[[ INFORMATION, beginning ]]

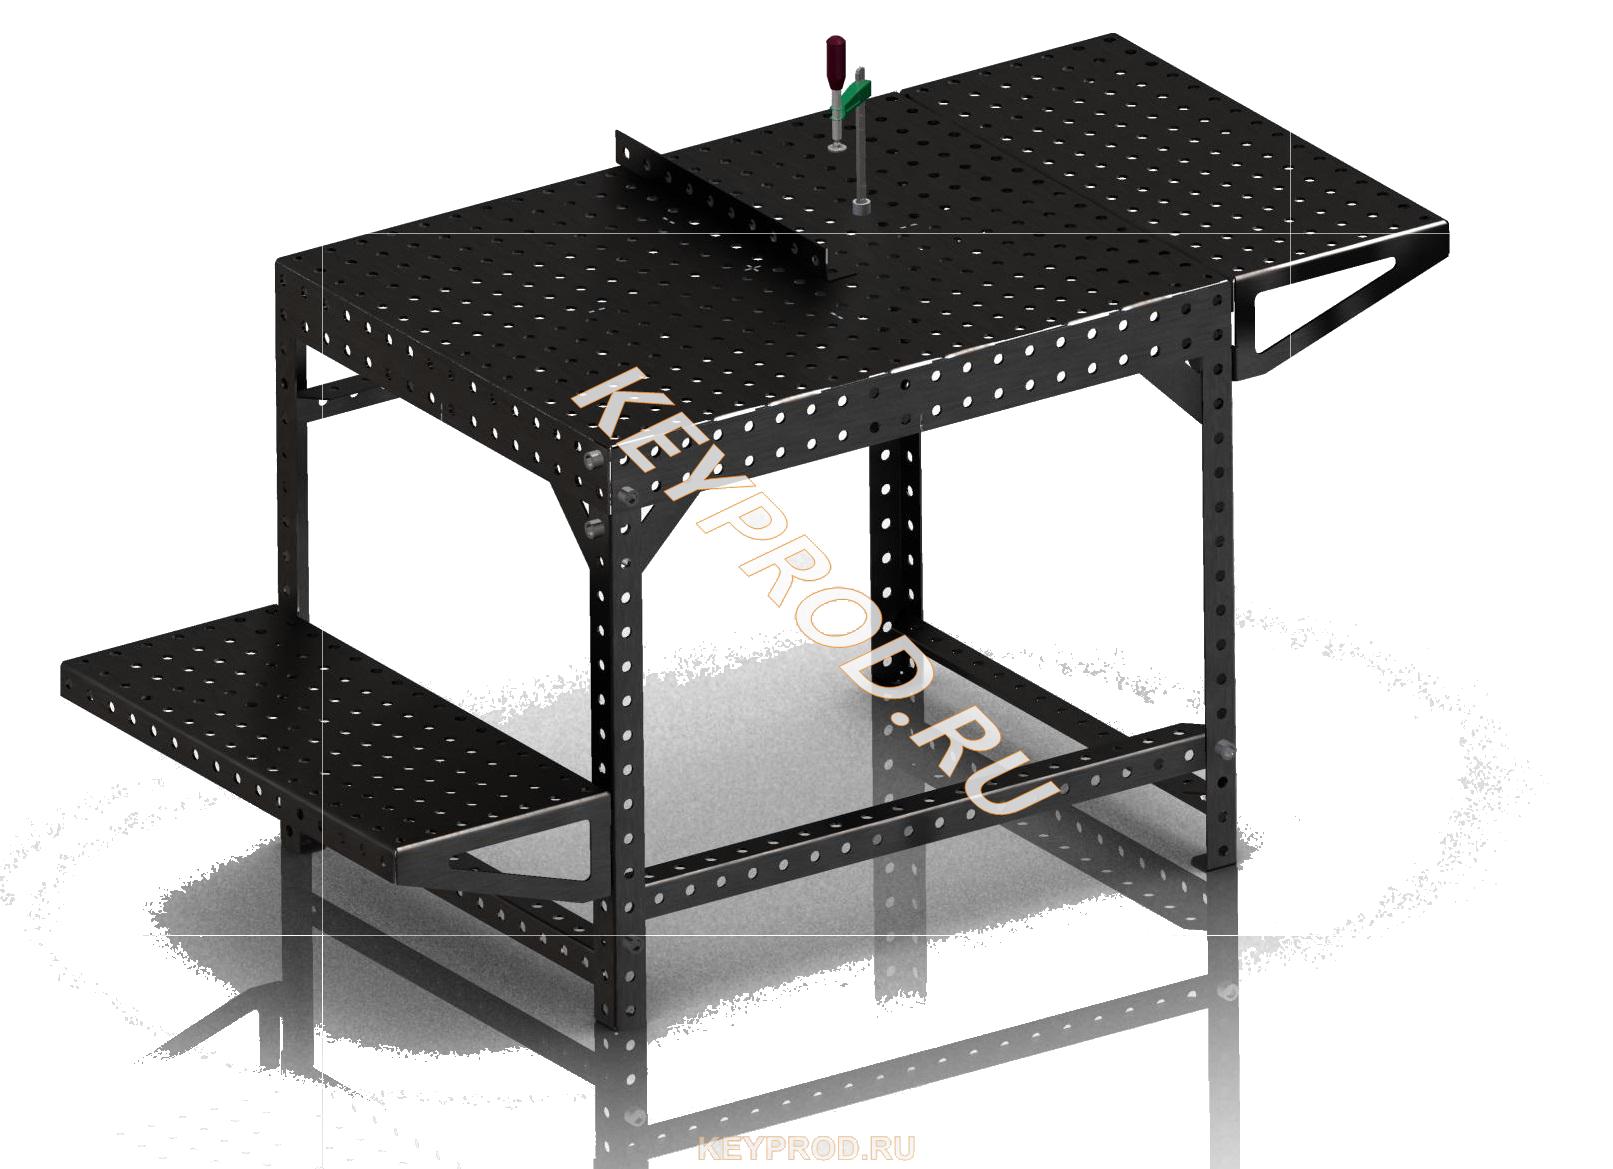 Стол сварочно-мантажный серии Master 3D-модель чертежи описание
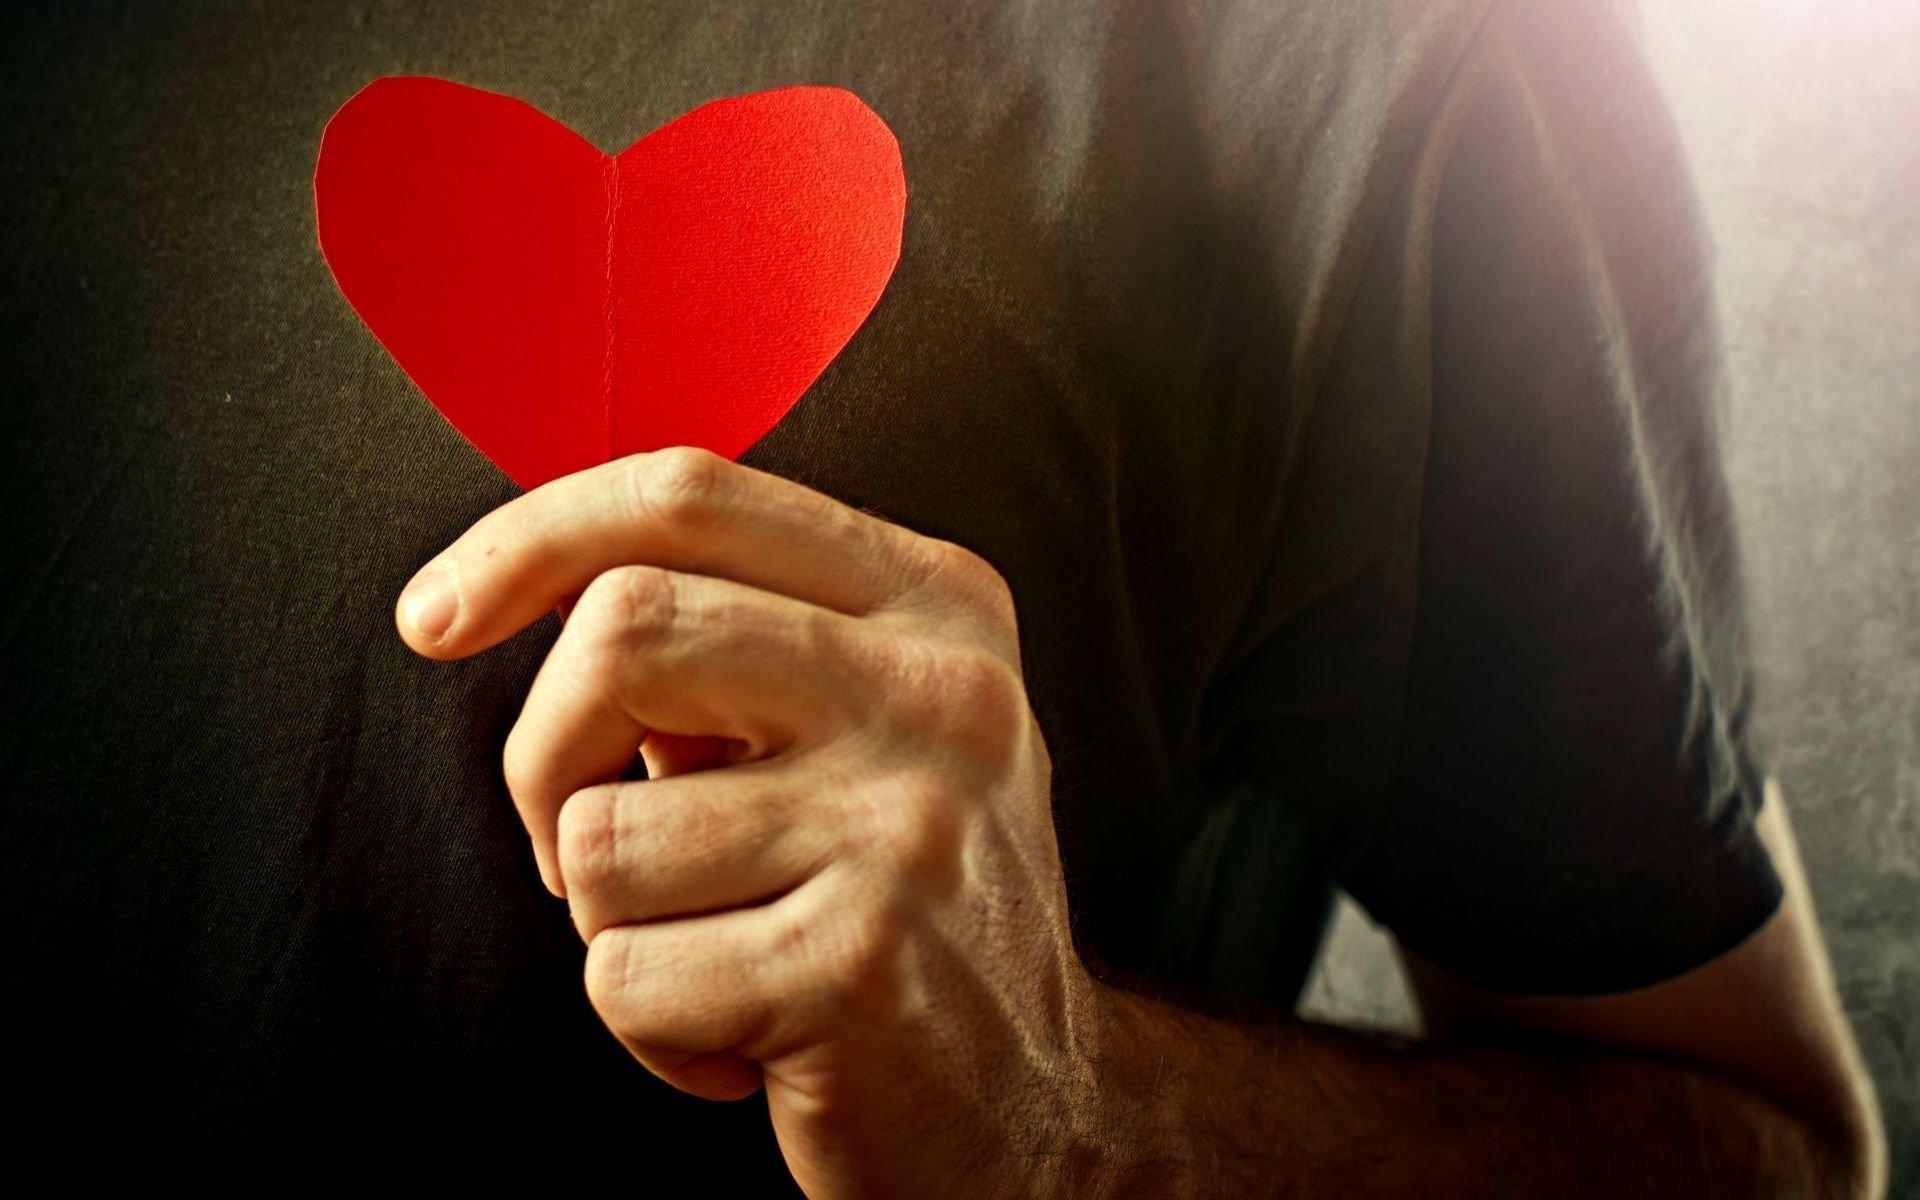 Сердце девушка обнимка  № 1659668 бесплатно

[[ INFORMATION, end ]]
[[ INFORMATION, beginning ]]

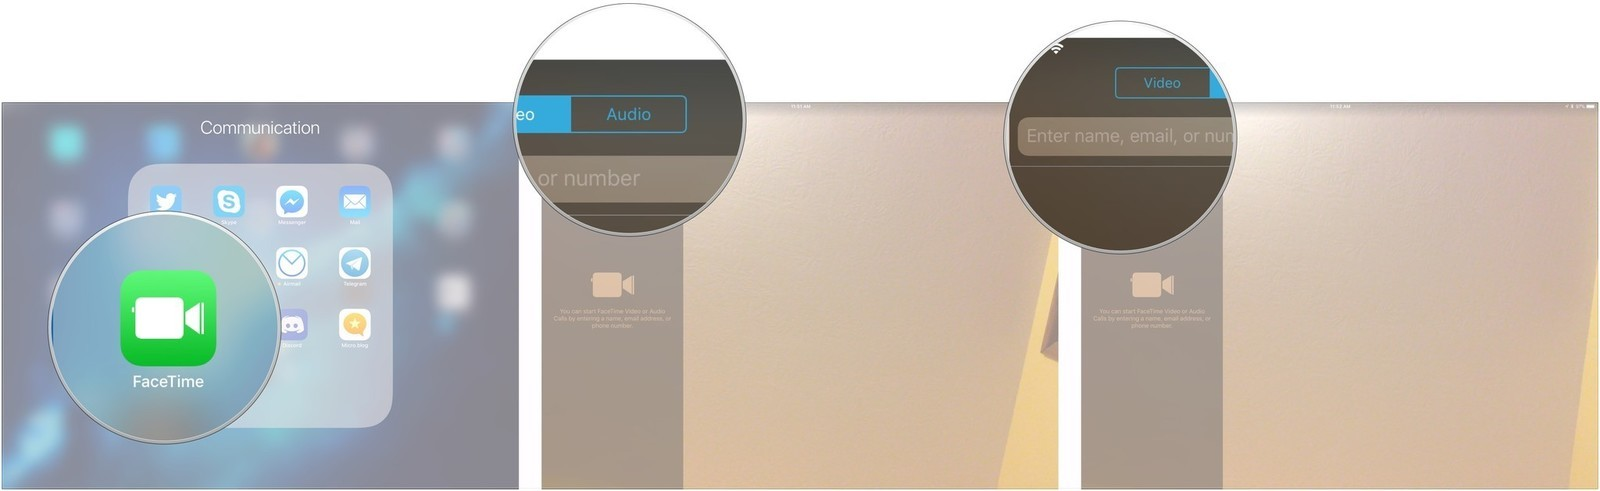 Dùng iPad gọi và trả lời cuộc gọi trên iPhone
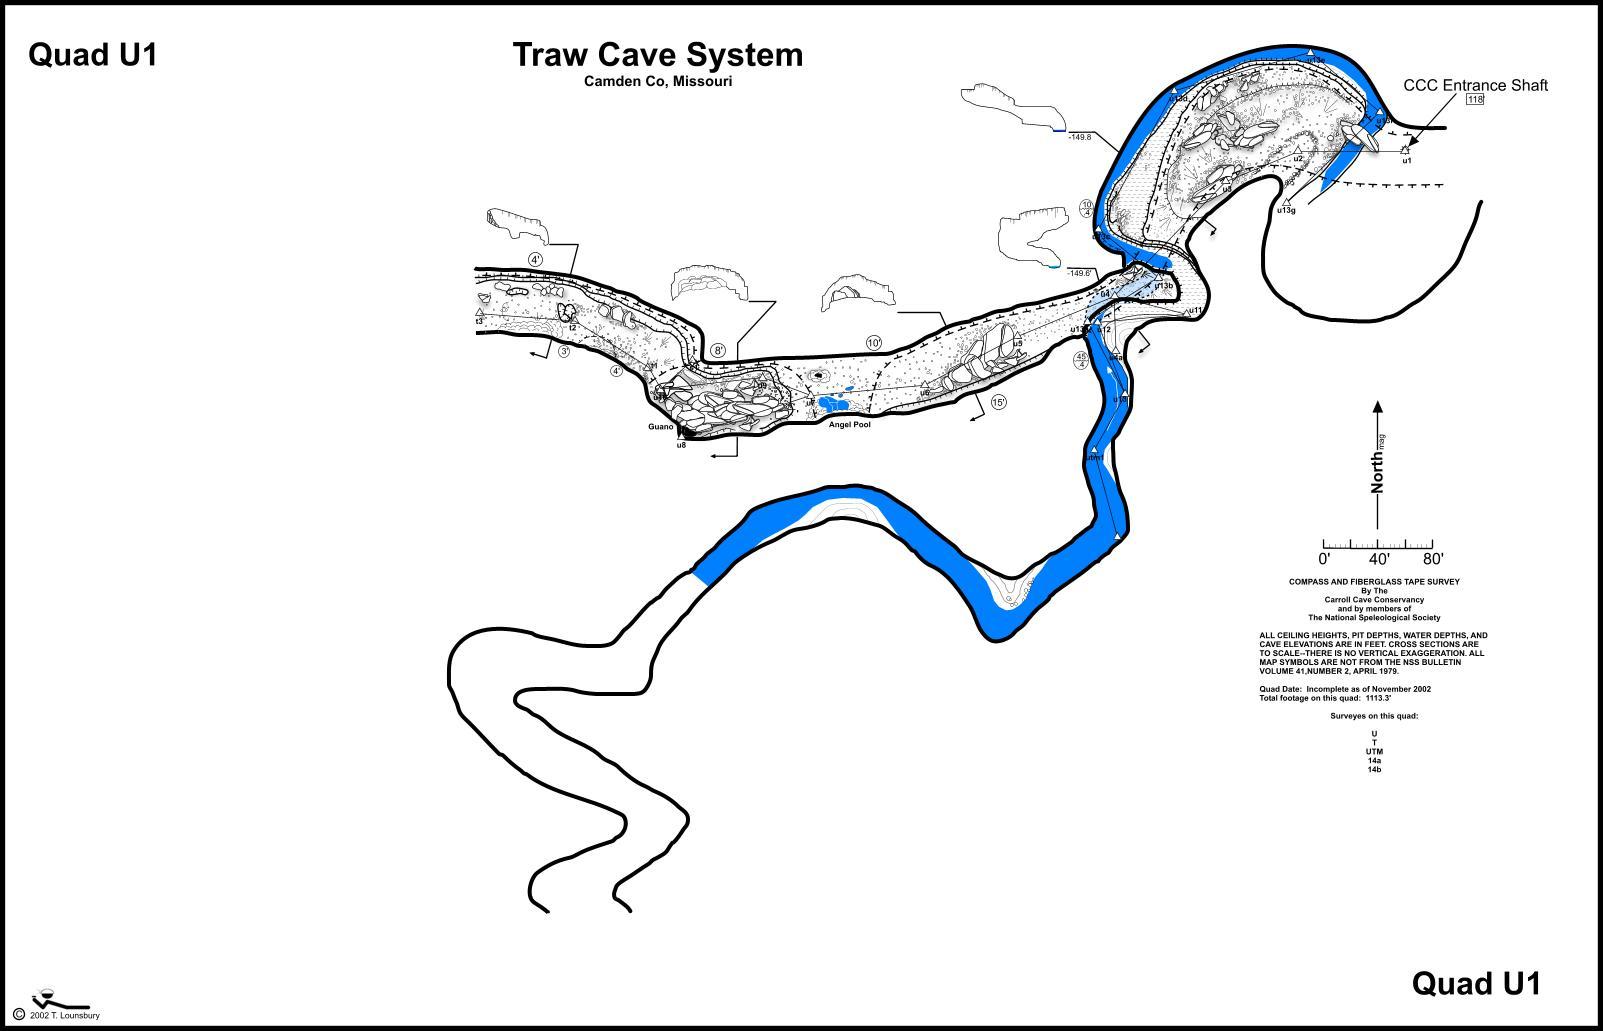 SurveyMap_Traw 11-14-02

[[ INFORMATION, end ]]
[[ INFORMATION, beginning ]]

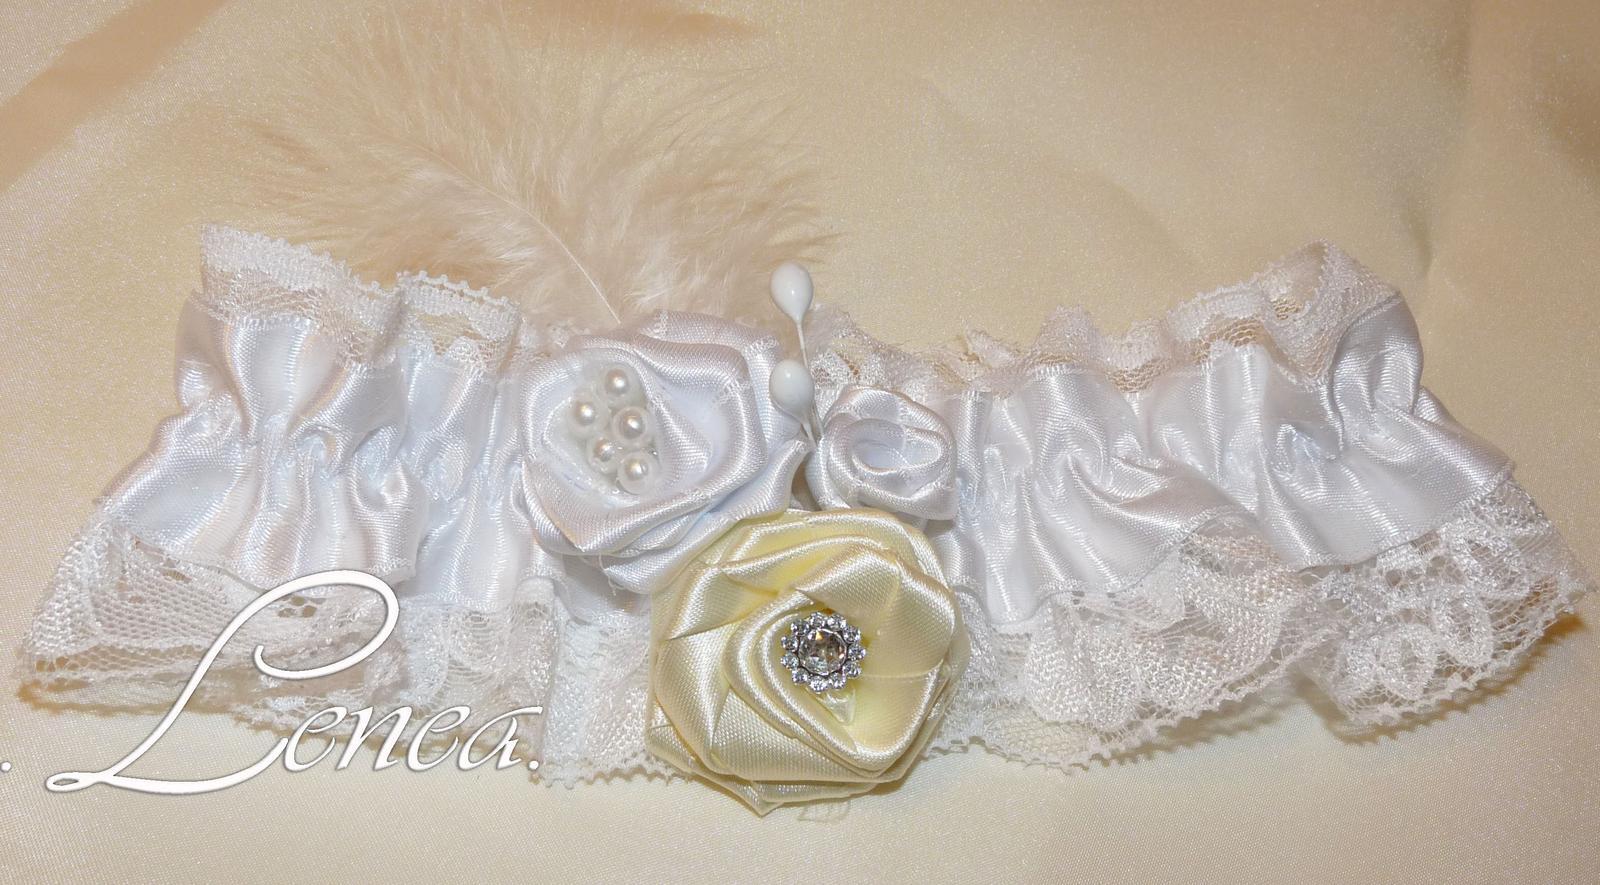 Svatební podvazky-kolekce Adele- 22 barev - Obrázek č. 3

[[ INFORMATION, end ]]

# [INSTRUCTIONS TO FOLLOW]
Reproduce word for word, with pictures dropped, only the part of the material above that opens with the line containing "Стол сварочно-мантажный серии" and closes with the line containing "Сердце девушка обнимка".

# [EXPECTED ANSWER]
 Стол сварочно-мантажный серии Master 3D-модель чертежи описание
 Сердце девушка обнимка  № 1659668 бесплатно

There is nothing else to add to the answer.